List of paintings with related French word, painter's name, and date
I had hoped to overlay the keyword in both French and English onto the painting at the moment when the word was spoken, but my time and skills were lacking (which certainly also accounts for the less than stellar production values). I think that adding this additional layer would make this project into a sort of translation of the text into English, since the viewer could use the English word and the painting to draw certain conclusions about the original text. As it is, the project is more interesting, I think, if one can understand what is being said.
In this latter case, the painting becomes an inverse representation of Barthes' idea of captioning. Barthes wrote that "all images are polysemous" (274), but that the addition of a caption "helps [the reader] to choose the correct level of perception" (275).
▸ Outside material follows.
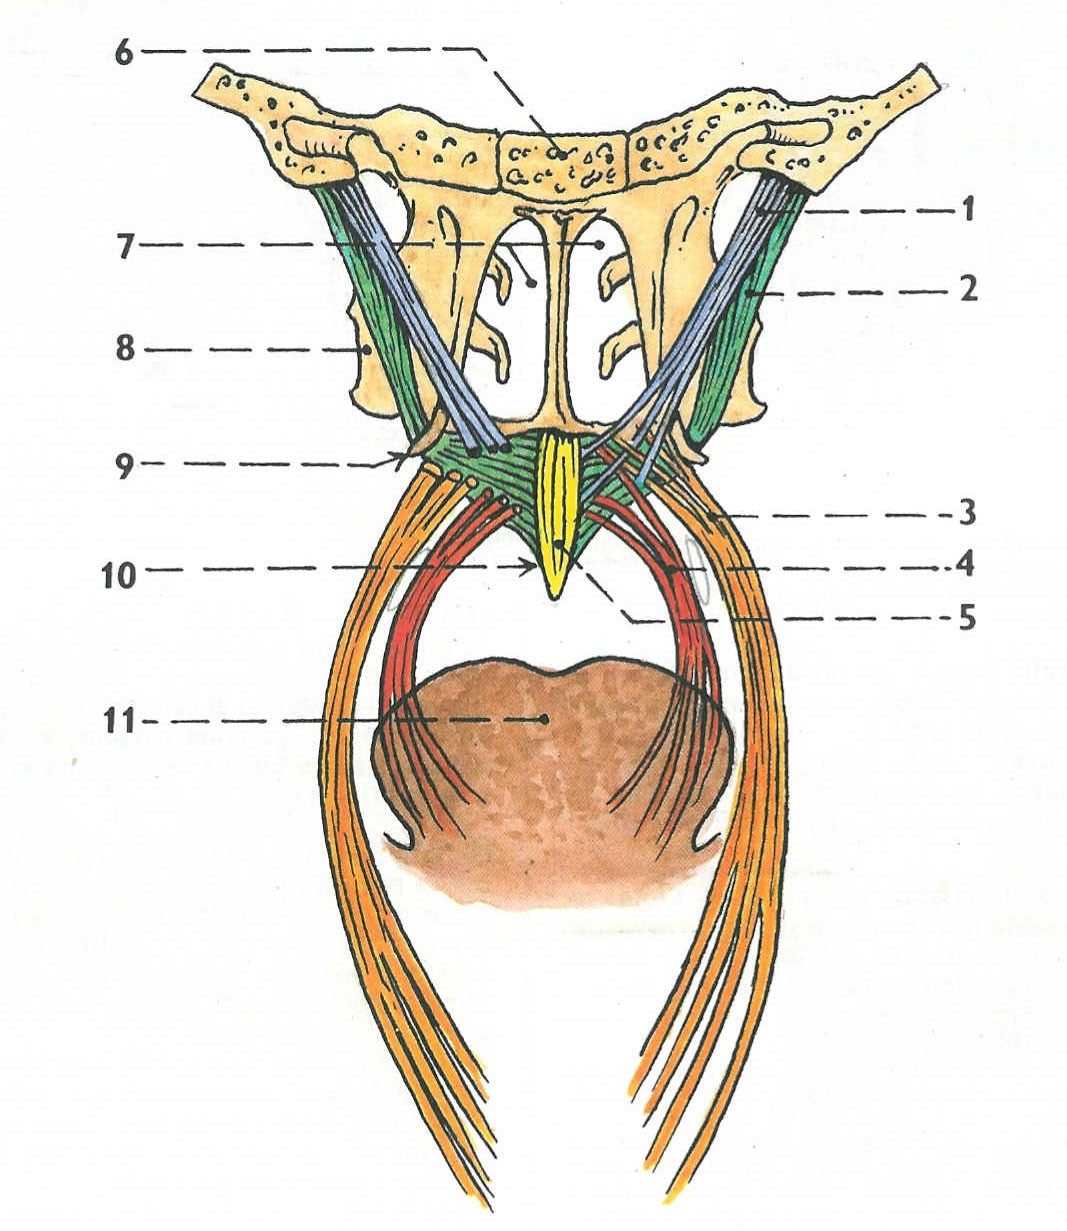 Při poškození r. internus vznikne obrna svalů měkkého patra (obr.4), které společně inervuje n. vagus a n. glossopharyngeus.

In this project, the image provides a sort of visual caption for the text, which, as we have discussed in class, could also be considered polysemous.
Conclusion and New Translation
This project helped to establish the mood of the text more than it helped me to change my original translation. As such, it did not prompt me to make many changes to the translation. Not counting differences in number, only three of the paintings do not include the exact English keyword in their titles: "thinking" (réflexions) is represented by Thomas Eakins' The Thinker; "me" (moi-même) is represented by Jacques Emile Blanche's portrait of Proust; and "rebirth" (métempsycose) is represented by Giovanni da Milano's Raising of Lazarus. I did change the translation slightly to match the title of one of the paintings I found, however: the word ésprit is now translated as "psyche" instead of "spirit."
Note: The words that match the paintings are shown in red. Changes made after the sound project are indicated in italics; changes made after this project are indicated in bold. Since I only addressed the first three sentences in the Text to Music project, I broke the selection into two paragraphs.
For as long as I can remember I have gone to sleep early. Sometimes, just after putting out my candle, my eyes would close so quickly that I did not even have time to say to myself: "I am falling asleep." And, a half an hour later, the thought that it was time to try to go to sleep woke me; I wanted to put down the book that I thought I still had in my hands and to blow out the light; while asleep, I had not stopped thinking about what I had just read, but these thoughts had taken a rather odd turn, in which it seemed to me that the work was about me: a church, a quartet, the rivalry between François I and Charles V.
This belief lingered for several seconds after I awoke; it did not shock my reason but weighed like shells on my eyes and prevented them from realizing that the candlestick was no longer lit. Then it began to become unintelligible to me, just like thoughts of a previous existence after rebirth; the subject of the book detached from me, I was free to apply it to myself or not; my sight recovered shortly thereafter and I was quite surprised to find myself surrounded by darkness, soft and soothing to my eyes, but perhaps even more so for my psyche, to which it seemed as a thing without cause, incomprehensible, like something really obscure. I asked myself what time it might be; I heard the whistling of the trains which, more or less far away, like the song of a bird in the forest, indicating distance, made me aware of the expanse of deserted countryside where the voyager rushed toward the next station; and the little path that he followed would be engraved in his memory by the excitement of new places, unaccustomed actions, recent conversations, and by the farewells under the strange lamp that followed him still in the silence and the night, to the upcoming sweetness of homecoming.